Thursday, September 22, 2005

Waiting for the "National Agenda"

Whereas the press is taking a lot of interest in the National agenda and is speculating about it's outcome, interest in the street is minimal. I suppose that most people are waiting for a new long-winded report that is full of vague generalities and few specifics (such as the "Jordan First" document, which was largely ignored).

A committee has been set up by Royal Decree to set a "National Agenda" for the next ten years. This committee has metastasized into a large number of subcommittees covering the economy, the political process, higher education, infrastructure and so forth. While we wait for the report, speculation is swirling about the fate of the government and the parliament, which also seem to be in the balance.

My feeling is that Jordanians are suffering "political fatigue". A new survey shows that people are pretty much happy with the one-man one vote formula, and that they are interested in more bread and butter issues.

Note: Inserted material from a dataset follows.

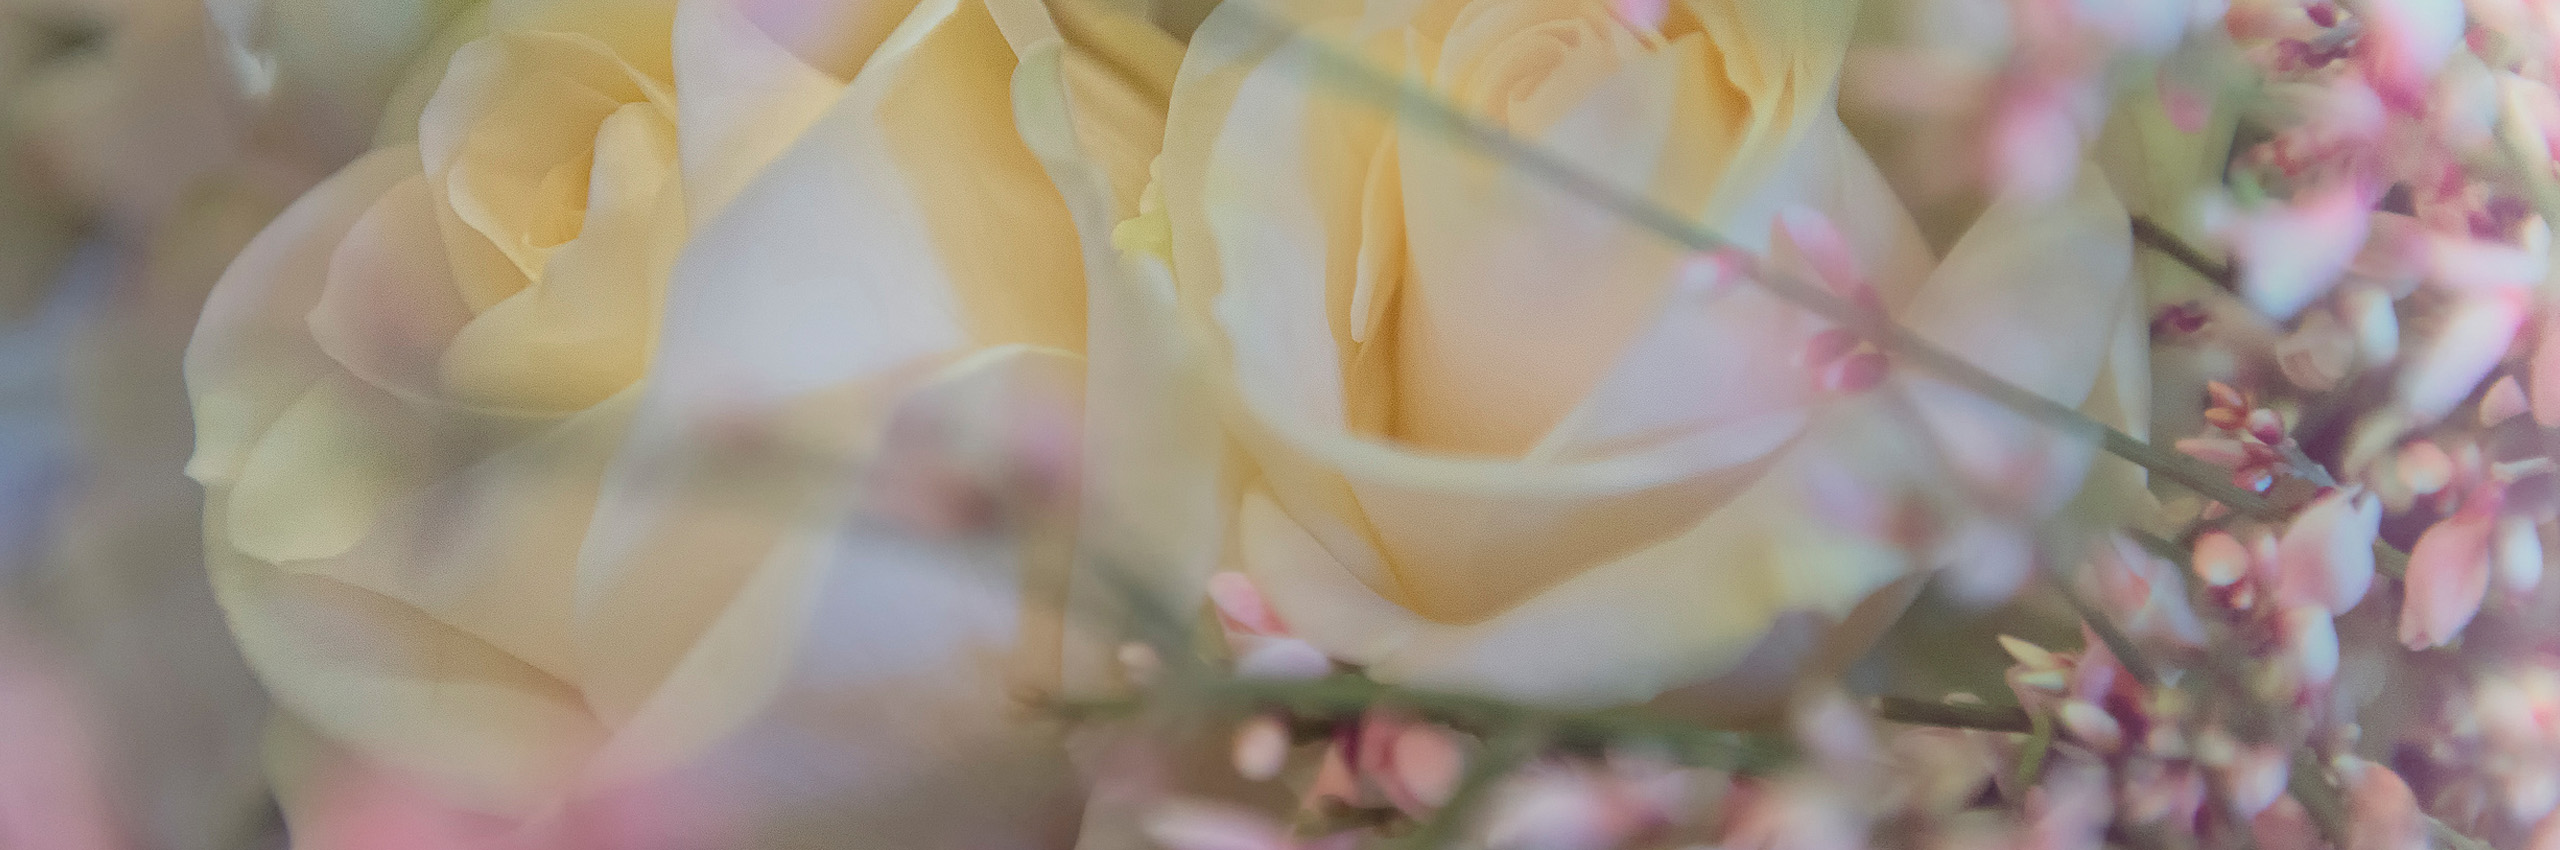 41268426 | Bouquet with white roses | © Heidi Bollich/HUBER IMAGES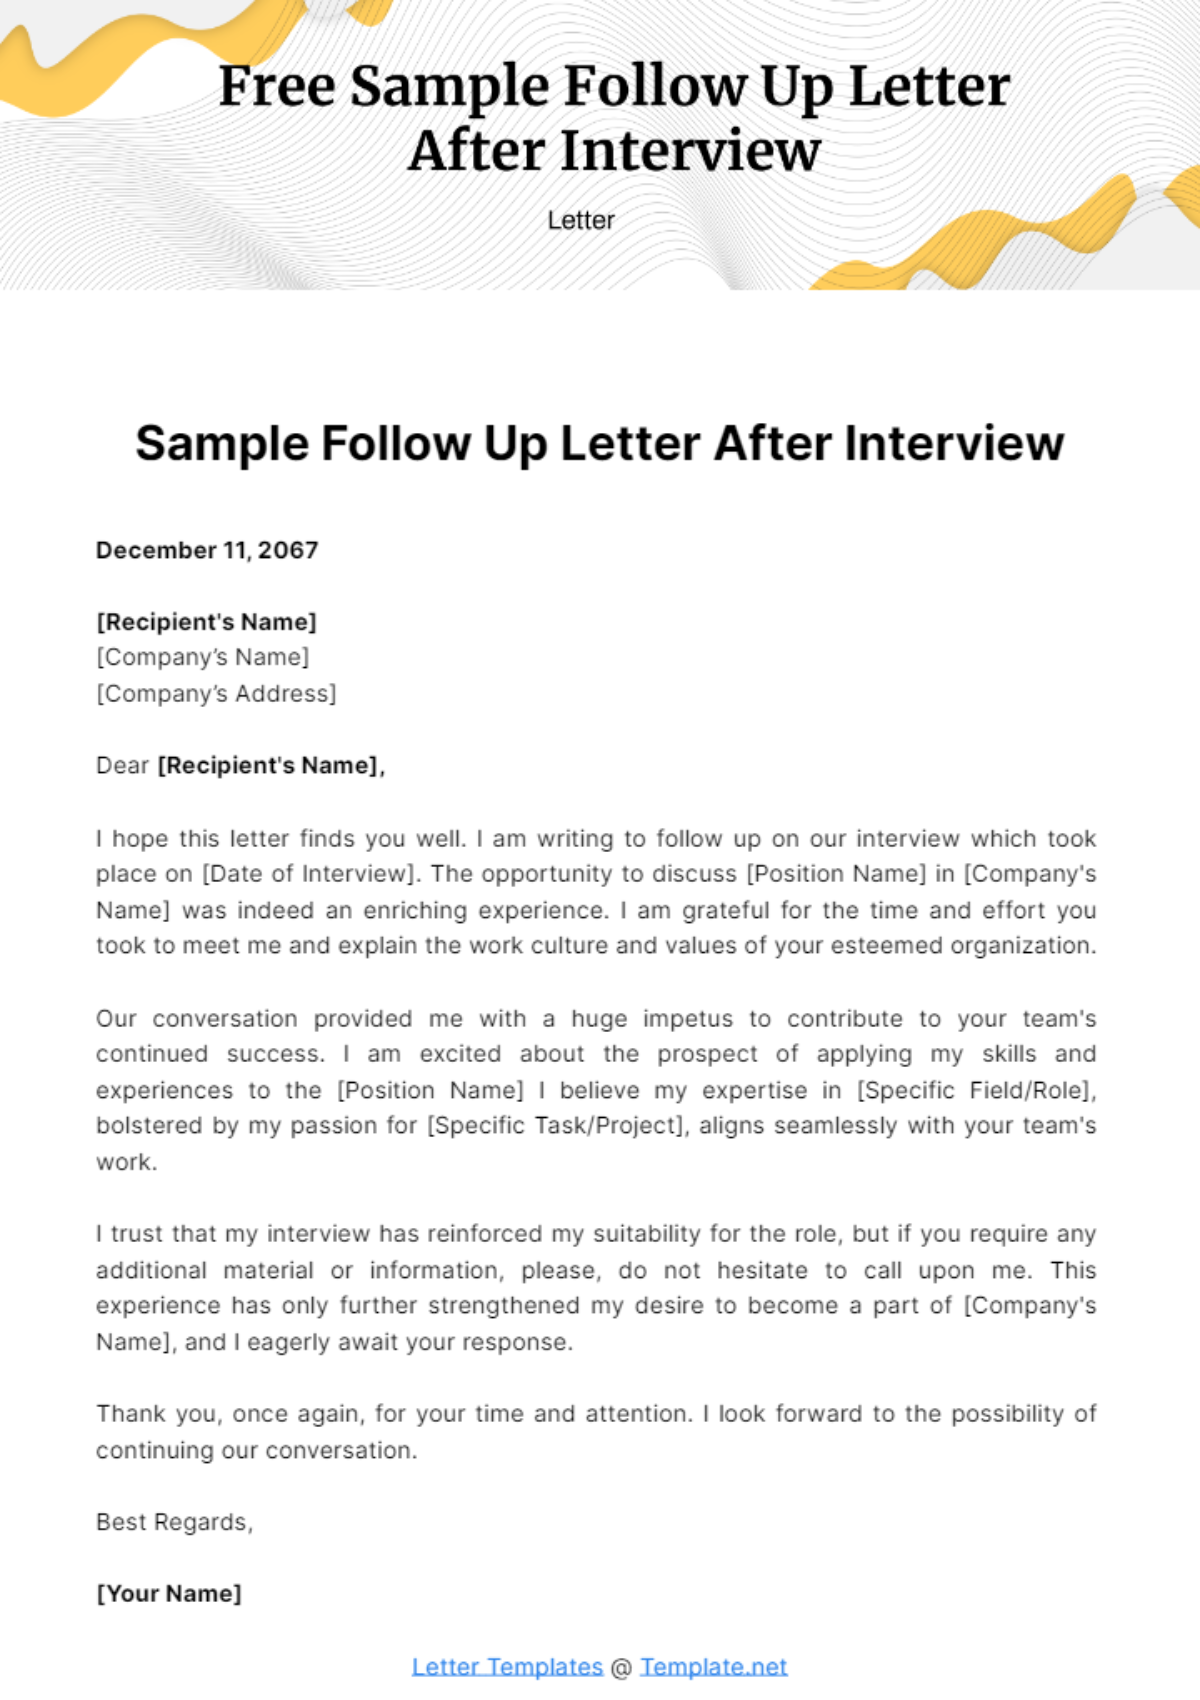 Free Sample Follow Up Letter After Interview Template

This is shown by the interest in solving the problem of corruption. Basically, corruption means that people are not interested in policy, and I suspect that they have been convinced that the current government economic policies are the only reasonable ones. Thus, if the policy is OK, then the problem must be that corruption is negating the effects of the policy. Alternate economic policies are really not being seriously debated. I can't imagine why people are so interested in democracy if they are no substantive policy debates, especially when speaking of economic policy. On what basis will people choose their government?

I would guess that almost anybody who would form a new government would get the same reaction. Nobody cares any more. We have apathy even before the first vote is cast.